2. The climatology in each region must be known very well for a specific application, know the profile of hours of peaks of sensitive load inside the area to be ventilated and explore several ventilation alternatives between mechanical and natural.
3. Make one or more psychromometries where the day and night weather appears for several months of the year and the conditions that would be obtained for the sensitive thermal load in the plant.
4. Leave a document signed by the owner or the project manager where it was perfectly established what will be the approximate conditions of temperature, relative humidity, indoor air quality and possible apparent temperature in people.
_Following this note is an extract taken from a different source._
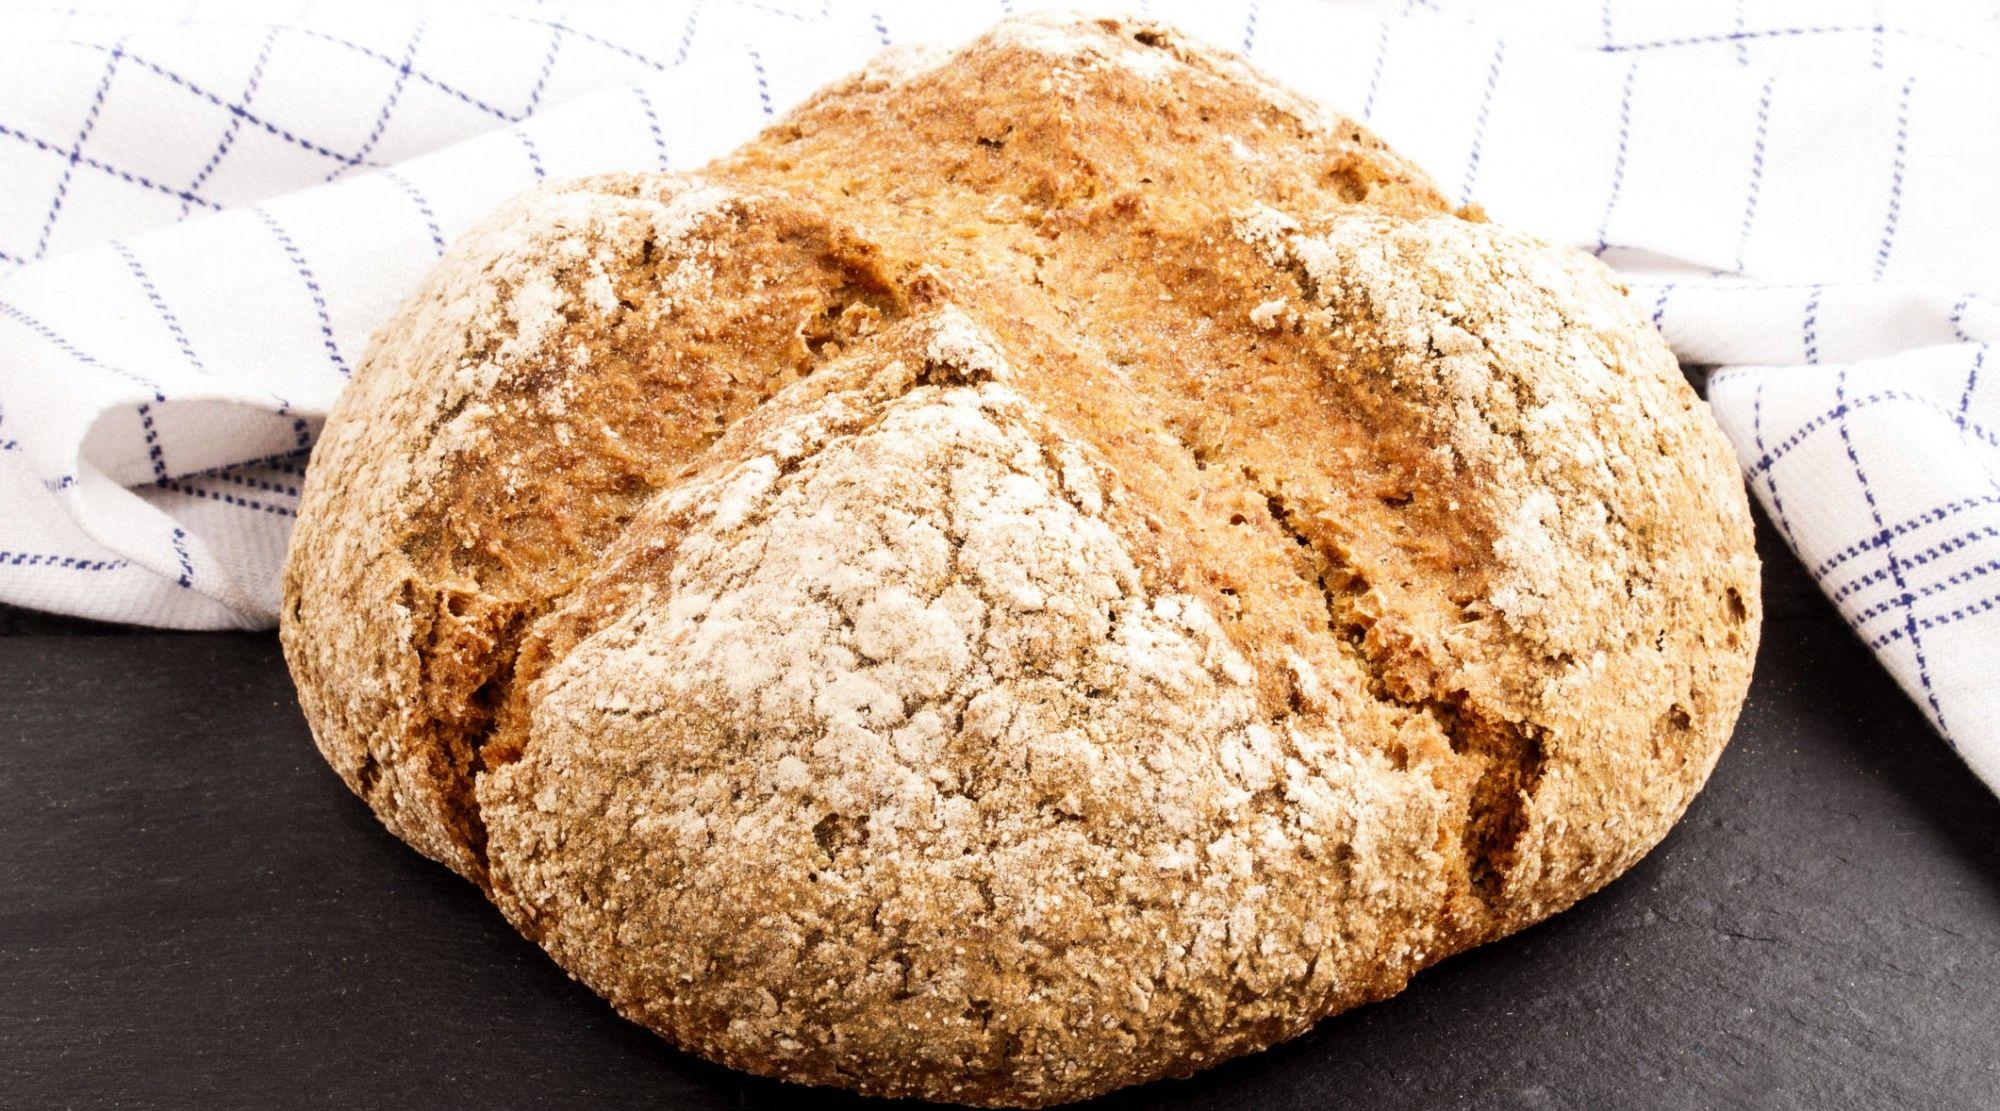 Lush Whole Wheat Soda Bread In 2020 Soda Bread Homemade Bread Irish Soda Bread
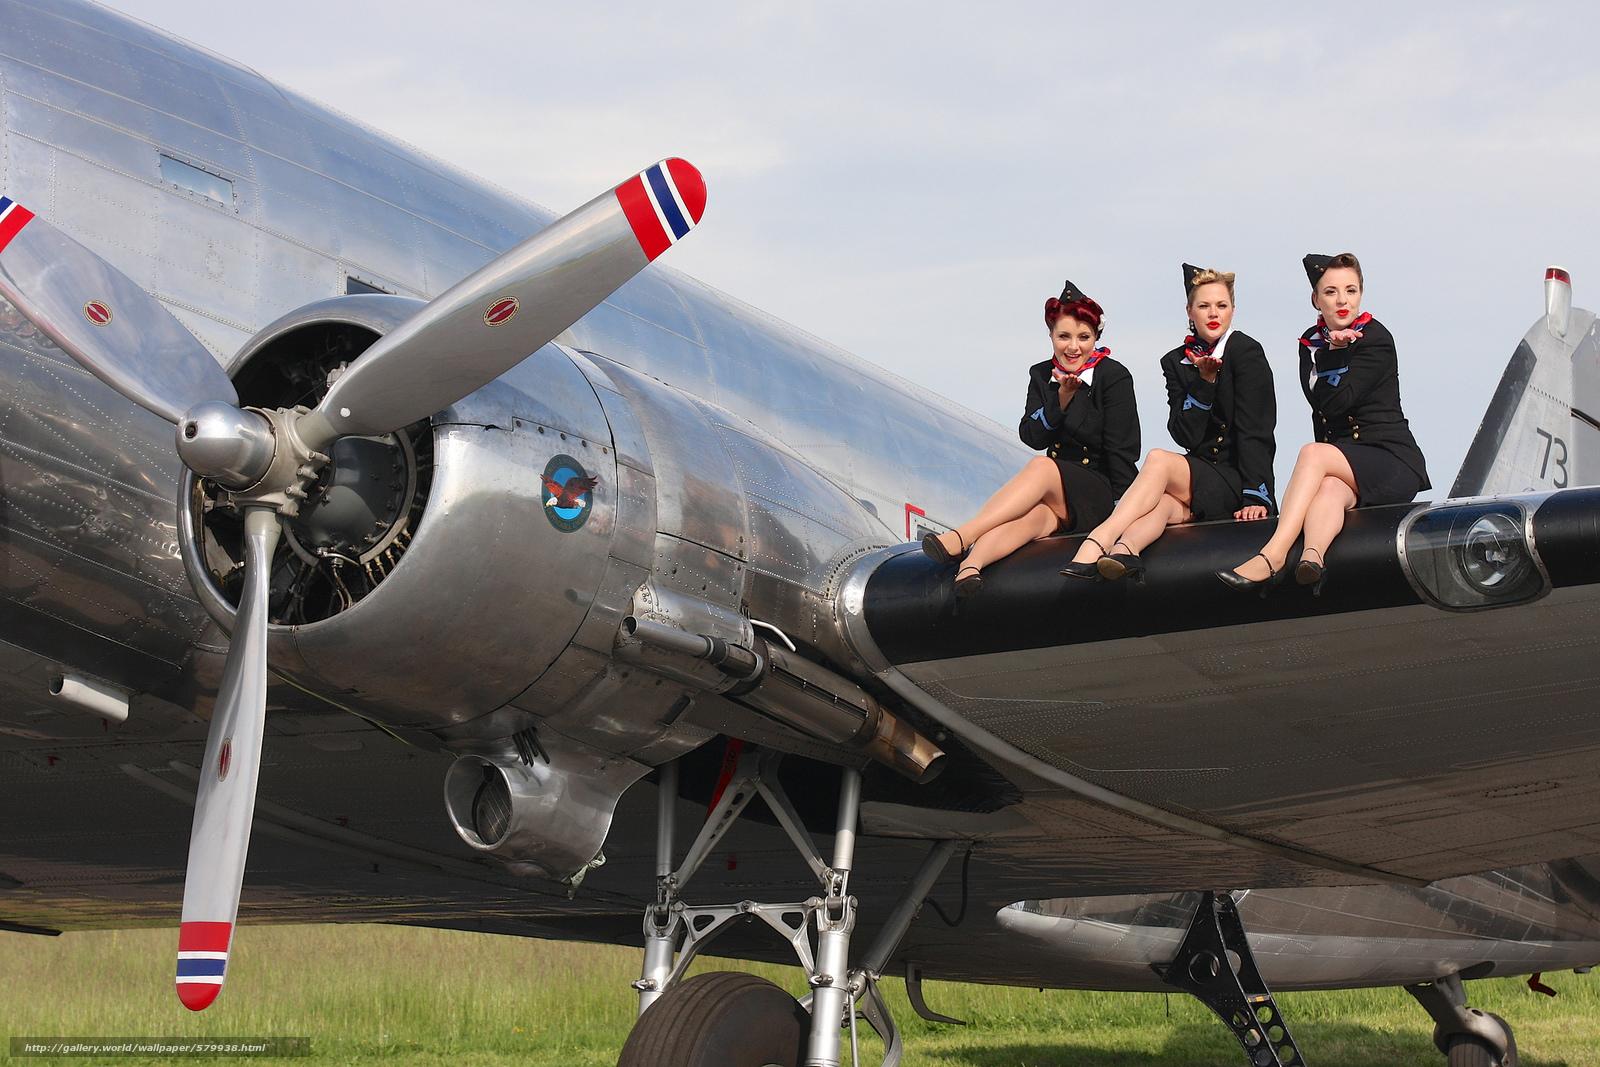 Скачать обои девушки,  военно-транспортный самолёт бесплатно для рабочего стола в разрешении 2048x1366 — картинка №579938

* Camilo Botero is the current Secretary of the Federation of Ibero-American Associations of Air Conditioning and Refrigeration - FAIAR; he was president of ACAIRE and is president of Camilo Botero Ingenieros Consultores Ltda. He has worked as a teacher in several Colombian universities, guilds and currently in ACAIRE in diploma courses of air conditioning projects, energy efficiency in air conditioning and refrigeration, cogeneration and trigeneration, applied psychometrics, thermodynamics, fluid mechanics, heat transfer and turbomachinery.